Big Data Processing with Apache Spark – Part 1: Introduction by Srini Penchikala.
From the post:
What is Spark
Apache Spark is an open source big data processing framework built around speed, ease of use, and sophisticated analytics. It was originally developed in 2009 in UC Berkeley’s AMPLab, and open sourced in 2010 as an Apache project.
Spark has several advantages compared to other big data and MapReduce technologies like Hadoop and Storm.
First of all, Spark gives us a comprehensive, unified framework to manage big data processing requirements with a variety of data sets that are diverse in nature (text data, graph data etc) as well as the source of data (batch v. real-time streaming data).
Spark enables applications in Hadoop clusters to run up to 100 times faster in memory and 10 times faster even when running on disk.

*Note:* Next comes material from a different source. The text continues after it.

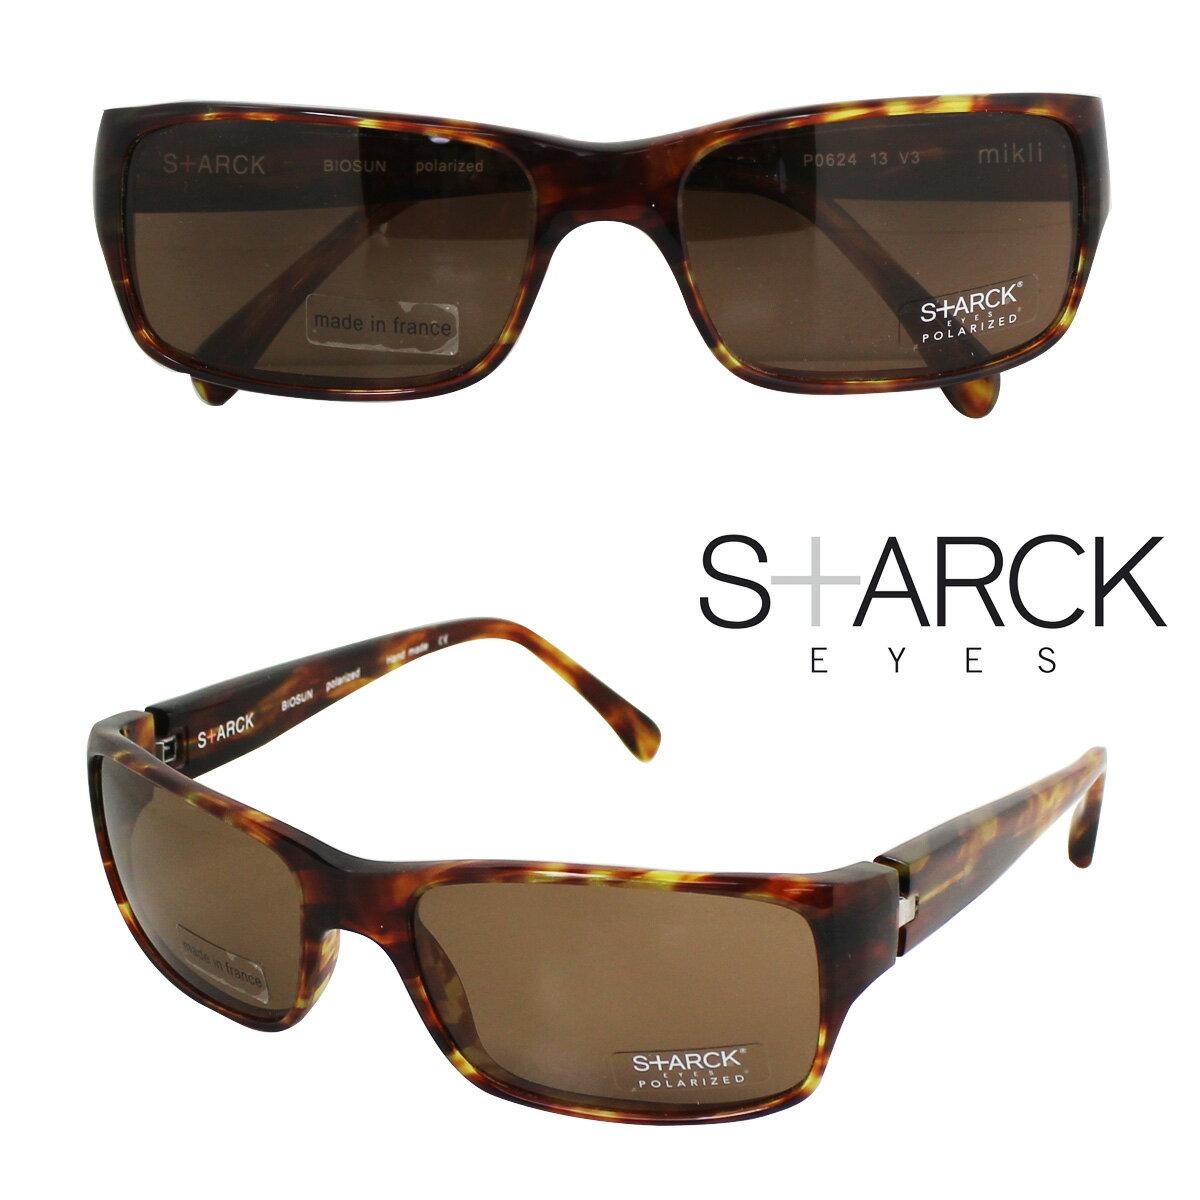 STARCK EYES スタルクアイズ alain mikli アランミクリ サングラス メガネ 眼鏡 フランス製 メンズ レディース

Spark lets you quickly write applications in Java, Scala, or Python. It comes with a built-in set of over 80 high-level operators. And you can use it interactively to query data within the shell.
In addition to Map and Reduce operations, it supports SQL queries, streaming data, machine learning and graph data processing. Developers can use these capabilities stand-alone or combine them to run in a single data pipeline use case.
In this first installment of Apache Spark article series, we’ll look at what Spark is, how it compares with a typical MapReduce solution and how it provides a complete suite of tools for big data processing.
If the rest of this series of posts is as comprehensive as this one, this will be a great overview of Apache Spark! Looking forward to additional posts in this series.